START Information supplied
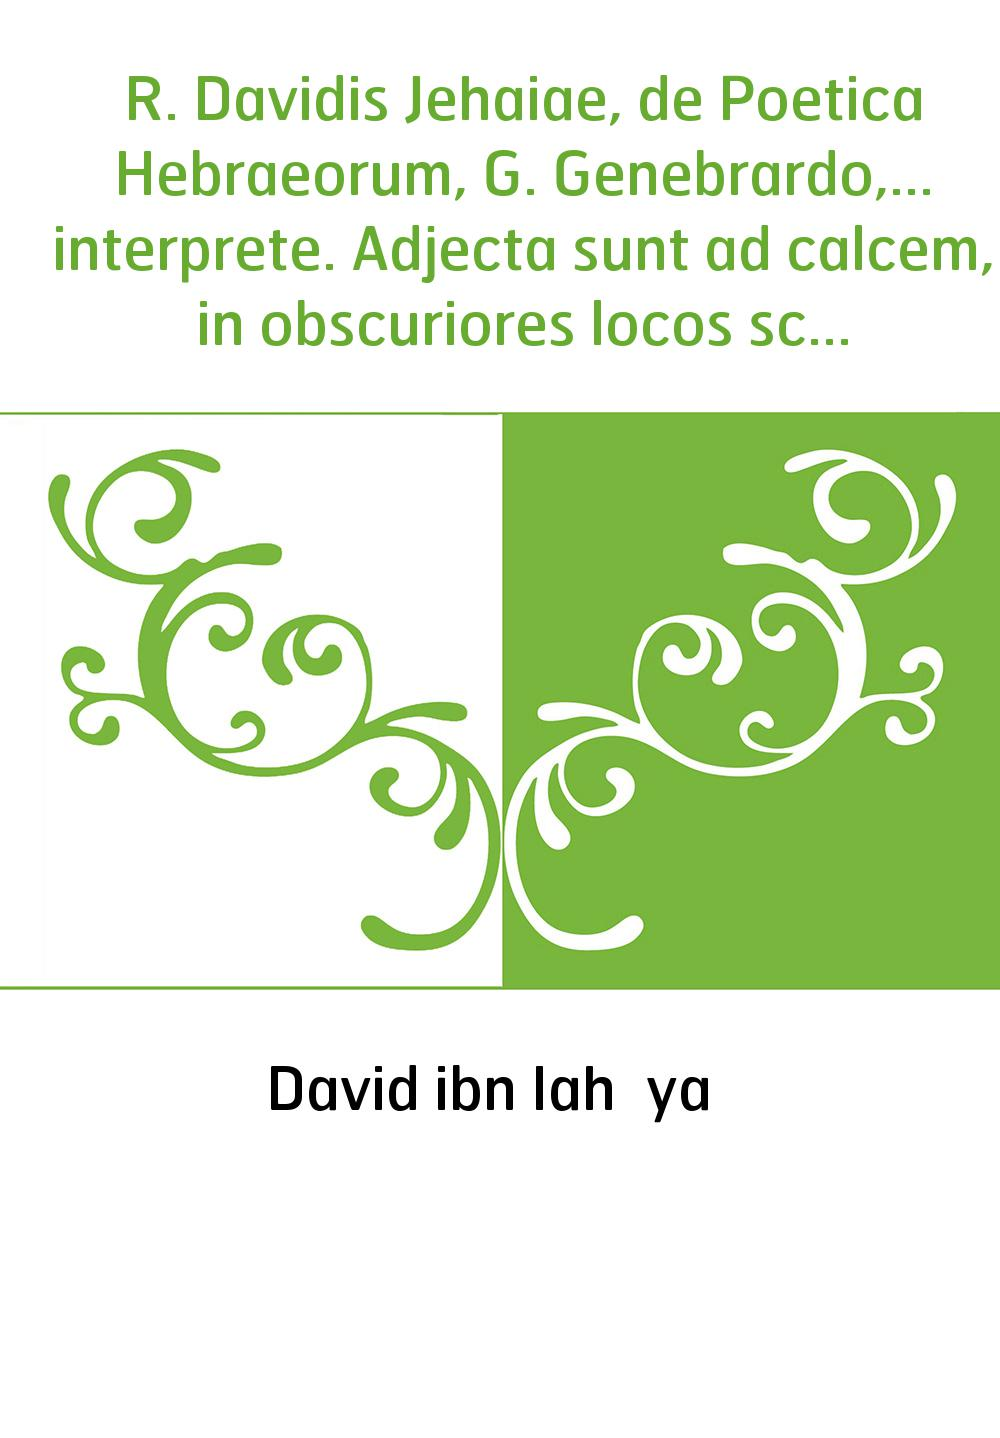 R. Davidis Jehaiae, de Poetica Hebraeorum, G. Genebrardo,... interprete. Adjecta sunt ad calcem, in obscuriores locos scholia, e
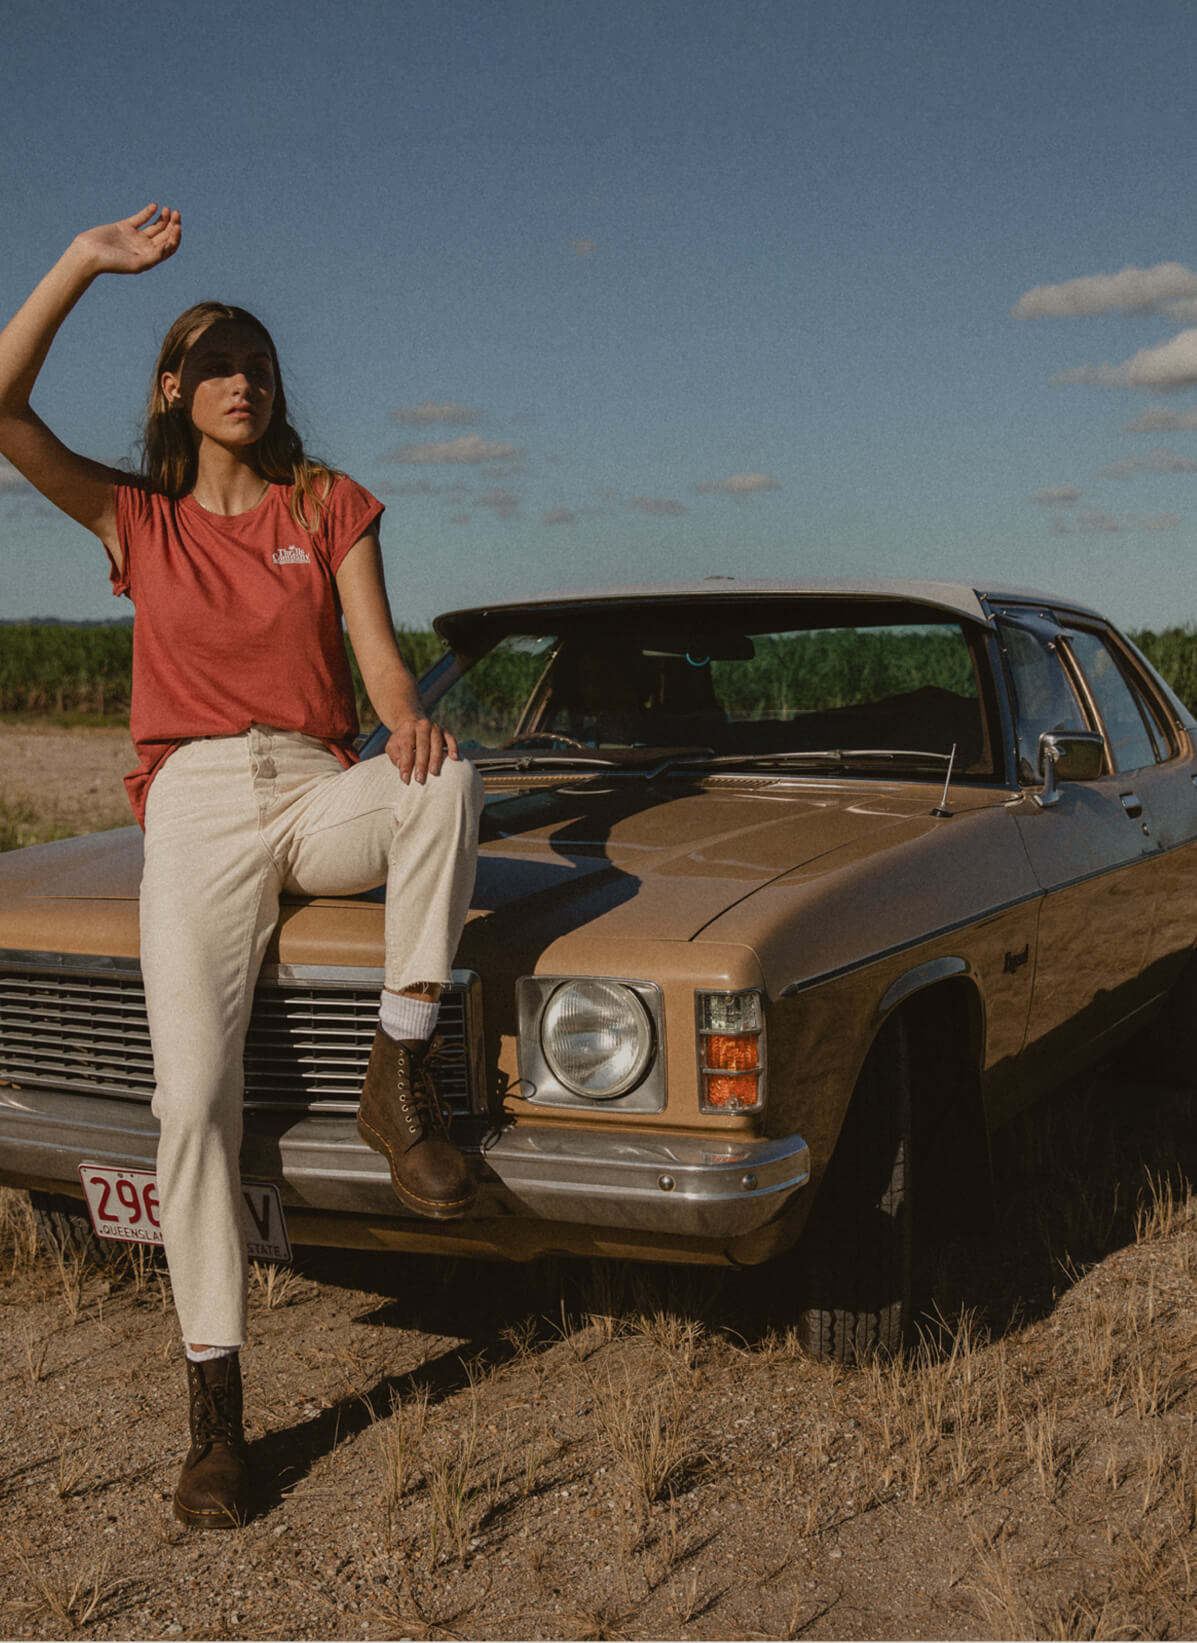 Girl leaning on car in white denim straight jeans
END Information supplied
START Information supplied
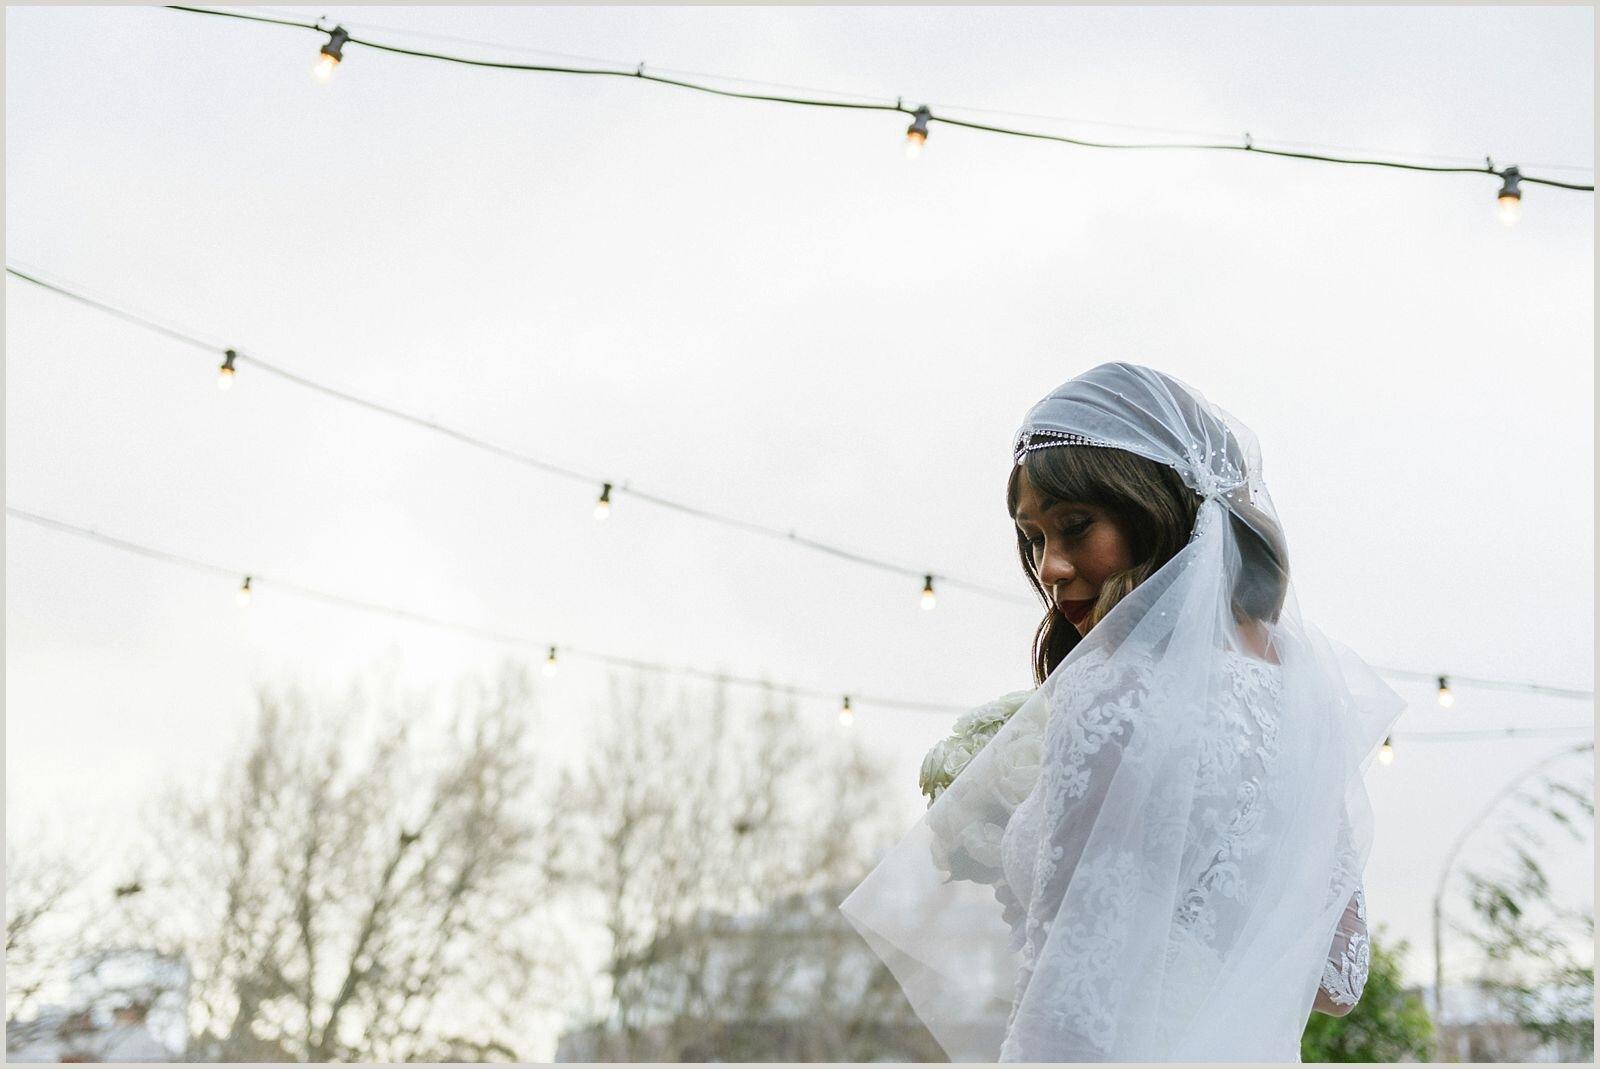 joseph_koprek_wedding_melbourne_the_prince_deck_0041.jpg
END Information supplied
• _Work to be completed_: Excerpt from the records above: set down only the lines from the one that contains "R. Davidis Jehaiae, de" through the one that contains "Girl leaning on", inclusive, word for word. Pictures stay out.

• _Output of the task_:
 R. Davidis Jehaiae, de Poetica Hebraeorum, G. Genebrardo,... interprete. Adjecta sunt ad calcem, in obscuriores locos scholia, e
 Girl leaning on car in white denim straight jeans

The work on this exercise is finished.